The elephant in the room with fanciful dreams of high efficiency high compression SI engines is that they cannot run on low octane fuels without fuel preignition. In reality all SI engine compression ratio's are limited by the detonation margins of the fuel in question.
And before folks weigh in talking about how great their 10.5:1 engines are I expect
none of these higher compression NA engines have been tested to
AC 33.47-1 - Detonation Testing in Reciprocating Aircraft Engines (faa.gov).
These tests
require that the engine be operated to within 10F of its maximum CHT and +20F hot day conditions. To pass the tests engines must then be set to operate at least 12% richer than the detectible detonation mixture at full power at max temps. As far as I know, no certified engines have passed this test on 100LL fuel at >9:1 CR, let alone E85. Dreaming of 14:1 CR and higher SI engines in planes is just that. Dreaming.

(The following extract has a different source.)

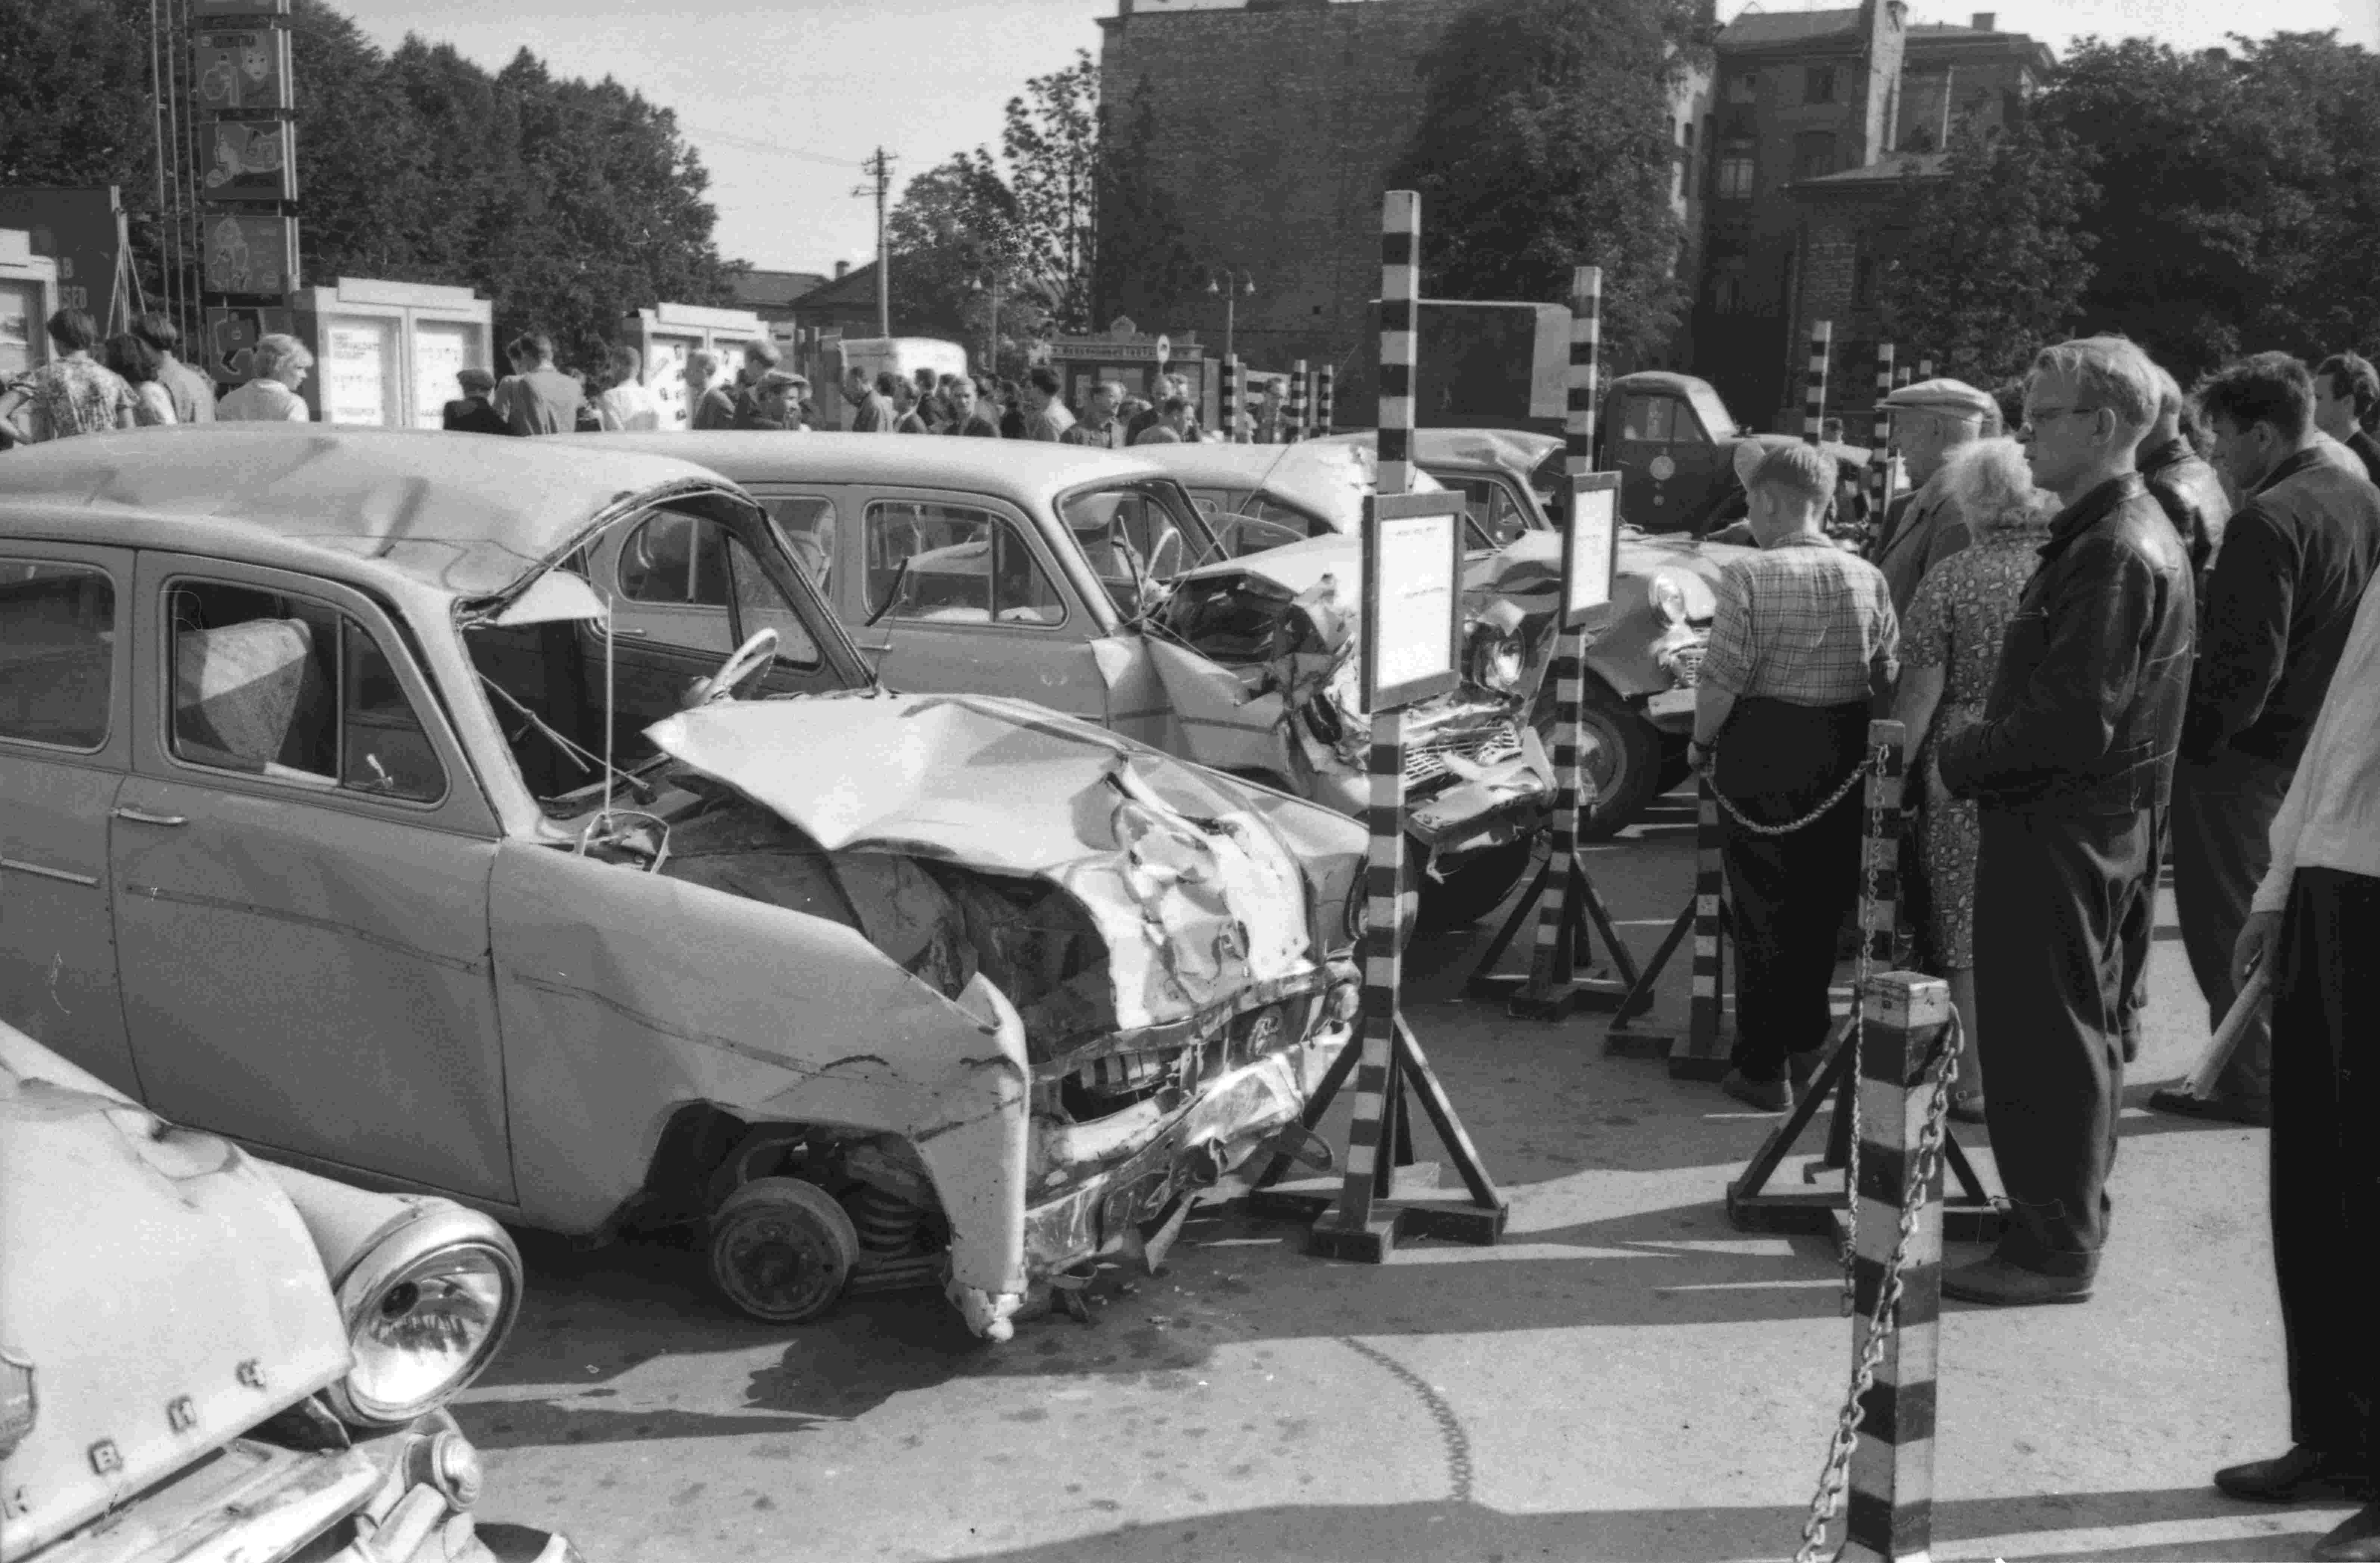 Esimene sõjajärgne liiklusnädal peeti Eestis 1958. aastal. Fotol hetk avariiliste autode näituselt Tallinnas 1963. aastal (Foto: Rahvusarhiivi Filmiarhiiv).

The AC 33.47-1 tests are performed at sea level however if the engine is turbo or supercharged then engines must also be tested at all operating alts. This results in turbo engines having
even lower CR ratios than naturally inducted engines and so automatically their efficiency is even worse.

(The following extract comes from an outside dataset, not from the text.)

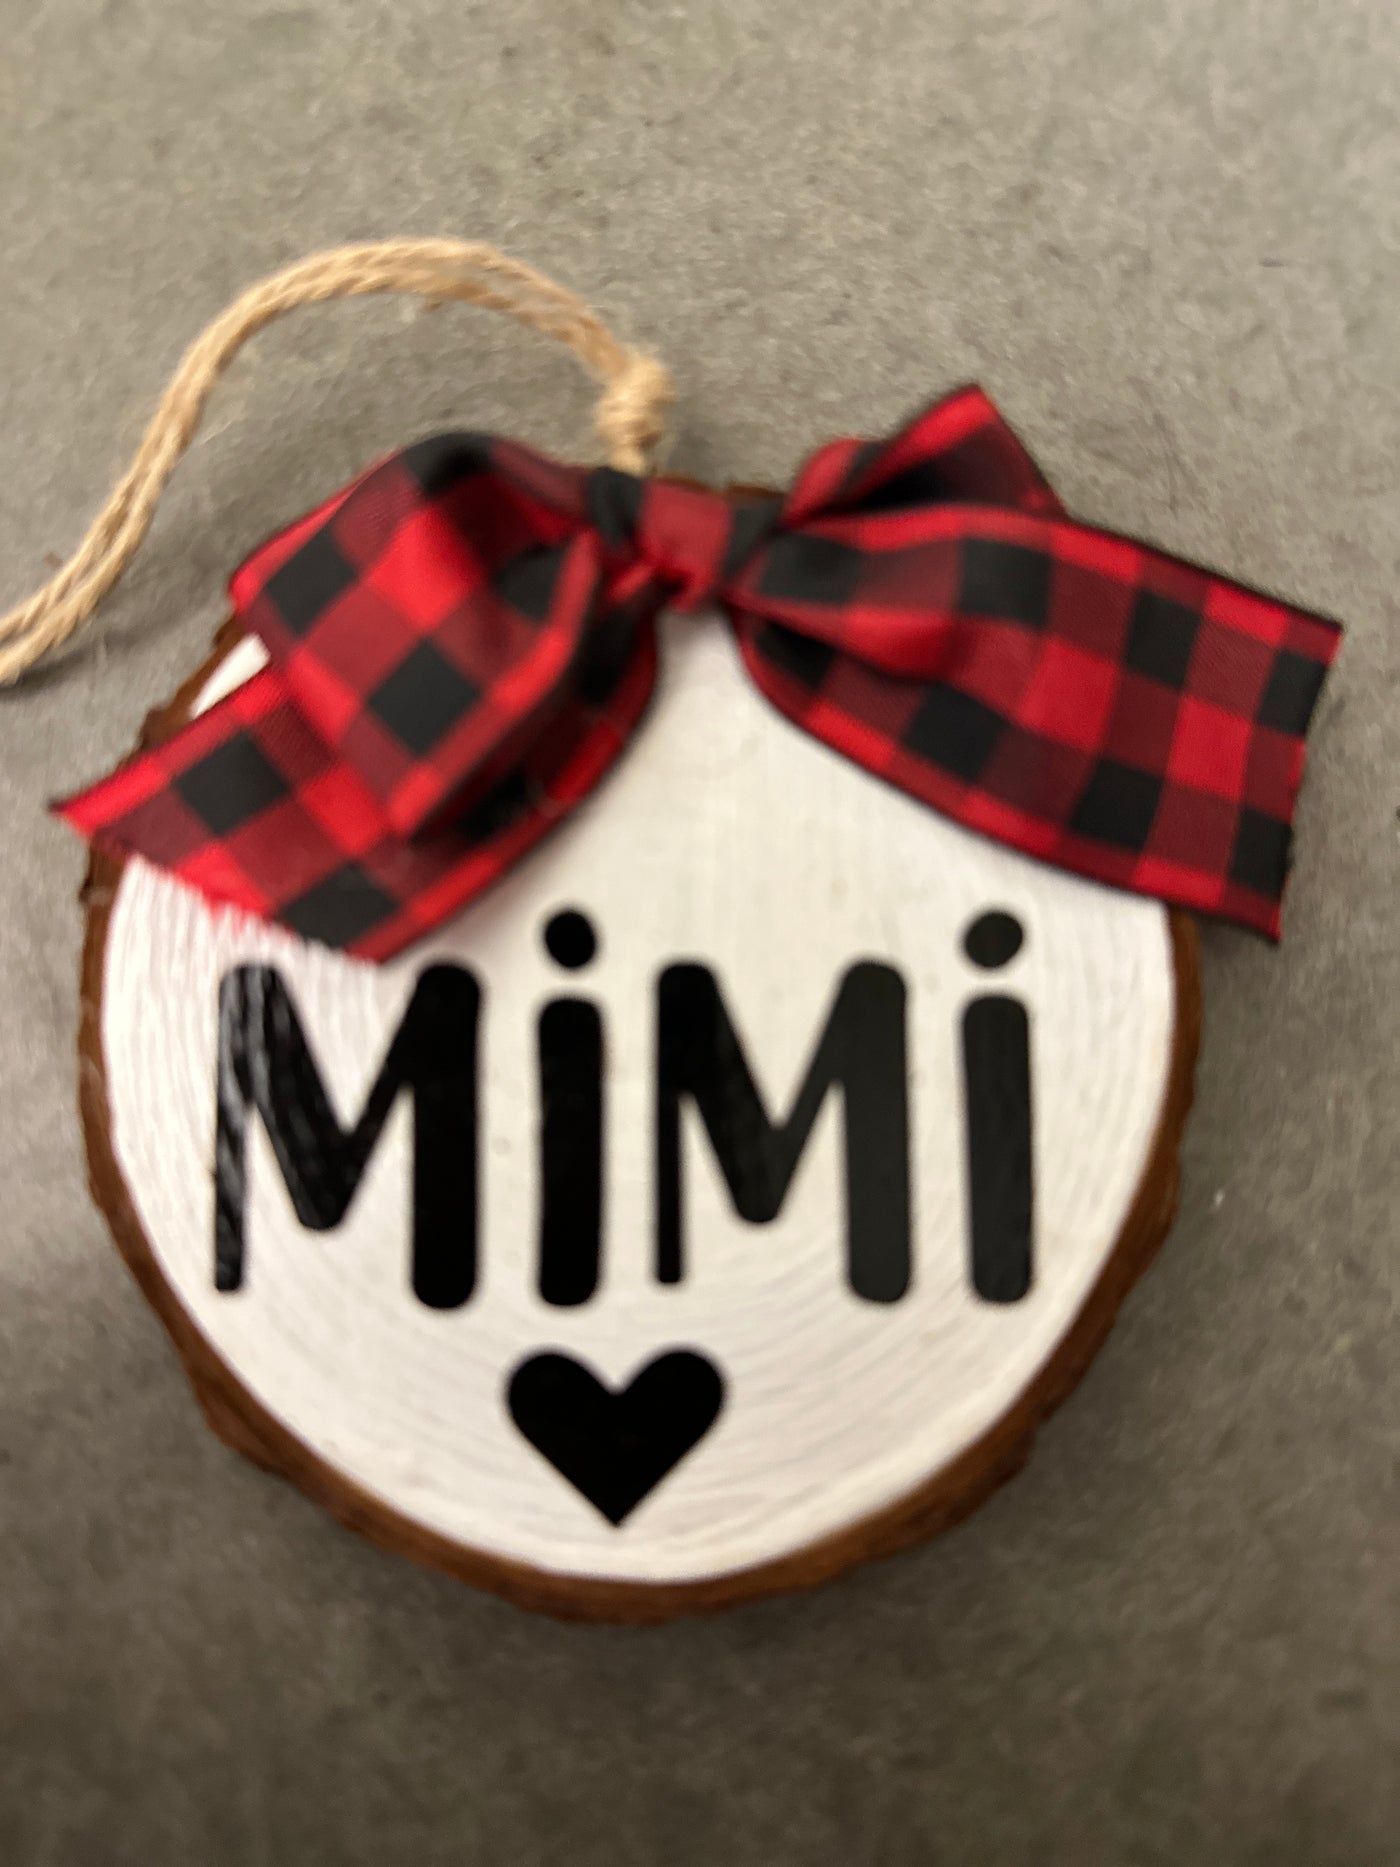 Mimi ornament

By way of comparison, Diesel engines are unaffected by these detonation limitations and can be tested to optimum stoichiometry without the need for the 12% fuel margin. They are also unaffected by turbocharging and can maintain high compression ratio's with subsequent high efficiency whether turbocharged or not. Their mission fuel consumption is therefore much lower as they can maintain full or partial power at Lambdas of 1 or less. For the CD155 Technify this equals around 0.36 lb/hp/hr. By comparison
TCM's own SID-97-3E shows that the Continental TSIO550G has a BSFC at 0.65 lb/hp/hr at rated power or 82% higher than the Diesel. The TSIO550 does improve when leaned for cruise however the overall mission consumption is still hurt by the rated power fuel requirements which include the mandated detonation margins.

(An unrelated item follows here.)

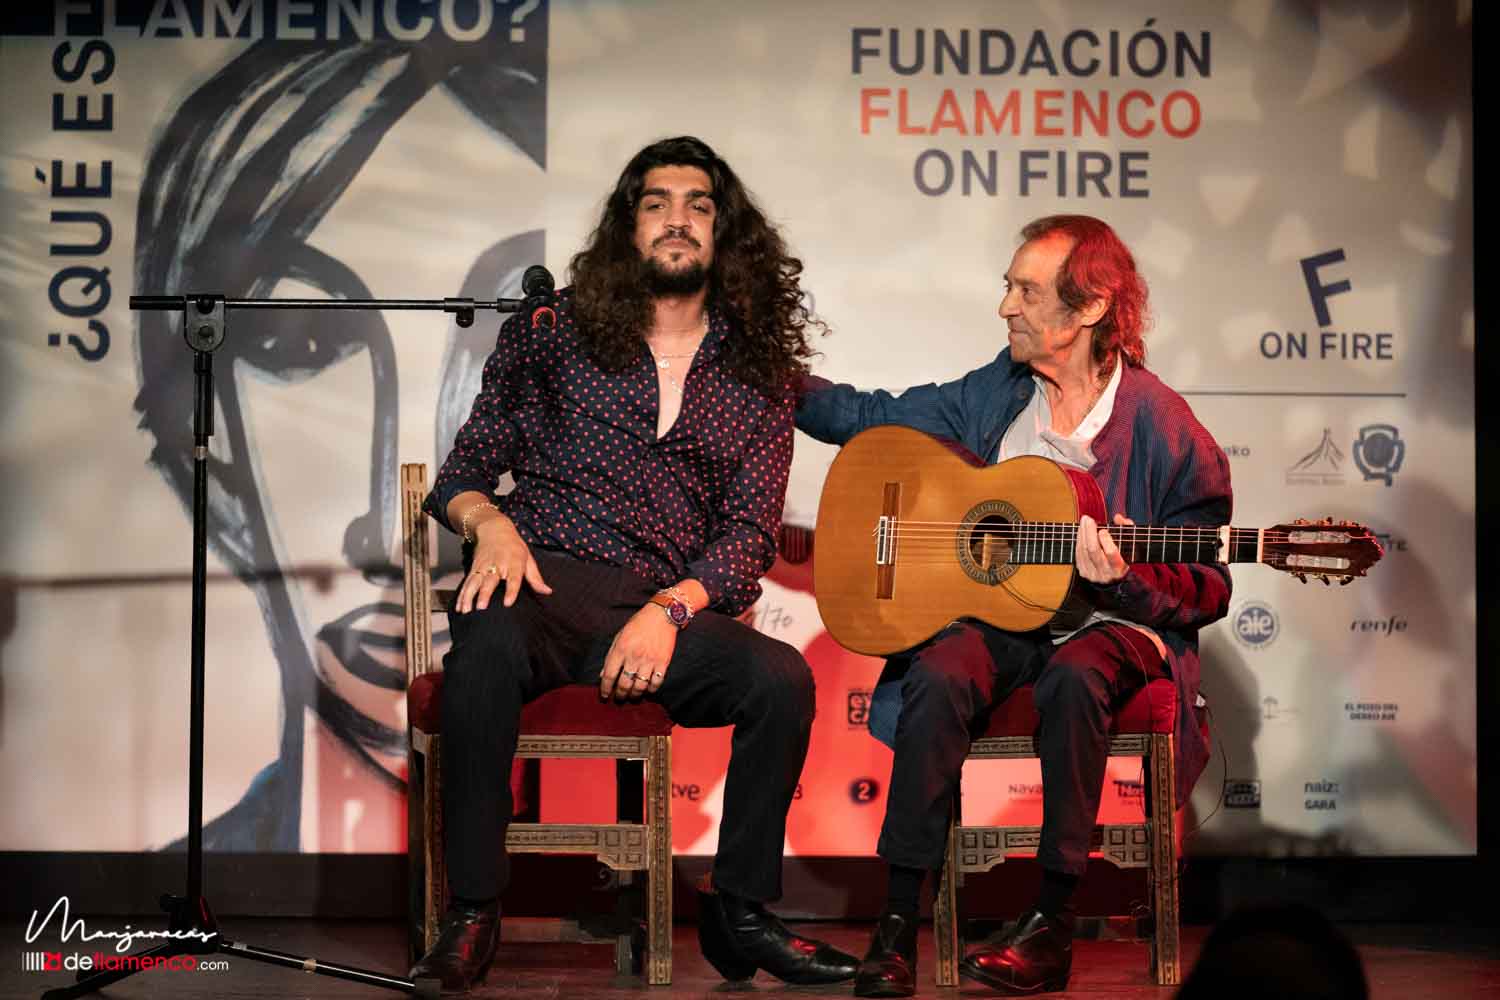 Pamplona on Fire 2021 pregunta ¿qué es flamenco?

Expecting that partial power automotive peak stochiometry data can translate to real world aviation ignores the issues that come with continuous high power operation and the mandated detonation margins required therein. If experimental folks don't test to AC 33.47-1 in order to get better BSFC then they must accept the risks of running their engines that way. It follows that statements like "Otto/Miller/Atkinson is more efficient than Diesel" ignore the realities of AC 33.47-1.